FASTER When he set a new 100m world record of 9.58 seconds at the World Championships in 2009, Bolt reached a top speed of just under 28mph.
HIGHER At 6ft 5in, Bolt is the tallest world-class sprinter in history. He completes the 100m with just 40 or 41 giant strides.
STRONGER Bolt averages six meals a day, his diet consisting of 60 per cent protein, 30 per cent carbs and 10 per cent fats. His fluid intake includes the occasional reward of Guinness with Red Bull.
It was as if the world had turned a little on its axis when the news came through. In the blistering Jamaican sunshine, Usain Bolt had been beaten in both the 100m and 200m. He hadn’t made a false start, or pulled up with an injury, he’d been defeated fair and square at the Olympic trials by Yohan Blake, his 22-year-old training partner.
There are few things that are guaranteed in international sport, but the one thing that seemed certain was that Bolt was the fastest man on Earth. He’d smashed the 100m world record in Beijing four years ago, then smashed it again and smashed it again. Now, suddenly, with the London Olympics just weeks away, the man nicknamed Lightning Bolt wasn’t running like the fastest man in the world. He wasn’t even running like the fastest man in Jamaica!
“Usain has been kind to me. He’s my friend and great training partner – he pushes me on, he motivates me. He is a good person,” says Blake, clearly still a believer in his training partner’s powers, even if he has just beaten Bolt twice in two days. “He will be ready for the Olympics and we will both run as fast as we can in London.”

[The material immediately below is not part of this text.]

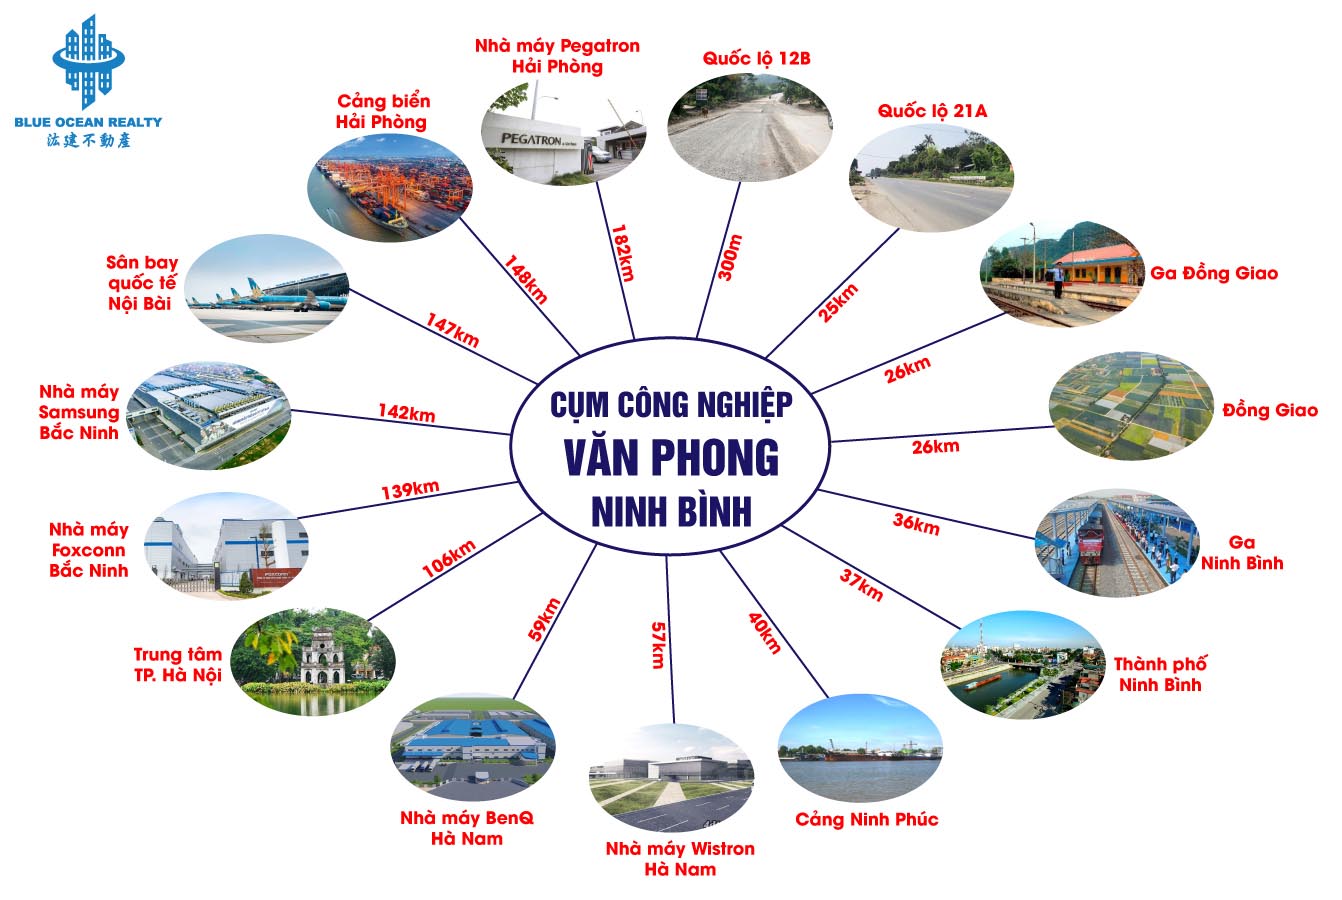 Cụm công nghiệp (CCN) Văn Phong- Ninh Bình

Bolt now faces a battle for gold in August, and Blake isn’t his only challenger. Third in the Jamaican trials with 9.88 seconds was Asafa Powell, the forgotten man of sprinting, though not forgotten by Blake, who urges RT not to overlook Powell: “Maybe we could sweep the medals.” Powell held the 100m world record before Bolt, and sees himself as a real contender in London.
Meanwhile, across the Caribbean, great times were being run at the US Olympic trials, with the winner, 2004 Olympic champion Justin Gatlin, crossing the line in 9.80 seconds, 0.06 faster than Bolt ran in Jamaica. The London Games will be Gatlin’s first Olympics since his Athens gold and 2006 doping ban. The statistics from the trials make Blake number one contender with 9.75 seconds, followed by Gatlin, then Bolt.
But that’s not all… second in the US trials with 9.86 was Tyson Gay, still the second-fastest man in history over 100m, but who was hampered by injury in Beijing. If he can make the starting line injury-free, he’ll be a serious medal contender. So there are five men who could win gold in London: it could be the greatest 100m ever run.
The most interesting of the challengers for Bolt’s crown is Blake because at 22 he’s so young, and because he has been training with Bolt at Racers Track Club in Kingston. In the summer of 2008, Blake was just 18 and didn’t even make the Jamaican team for Beijing. But after the Olympics he moved to Kingston to train with Glen Mills, Bolt’s coach. He worked so hard, every day (in contrast to the much more laidback Bolt), that Bolt nicknamed him “the Beast”.
“Usain is not finished,” says Blake and he’s right. Bolt is only 25 and he wasn’t trying to win in Jamaica – he was trying to qualify, and he did that. Added to which he’s running pretty much how he ran before Beijing: then, in eight 100m races, he went under 9.80 twice and ran 9.85 at trials. This time he has run seven times and gone sub-9.80 twice, running 9.86 at the trials.
“Usain is on track,” says Mills. “He has the experience and ability to run fastest in the big races, when it matters. I’m not worried.”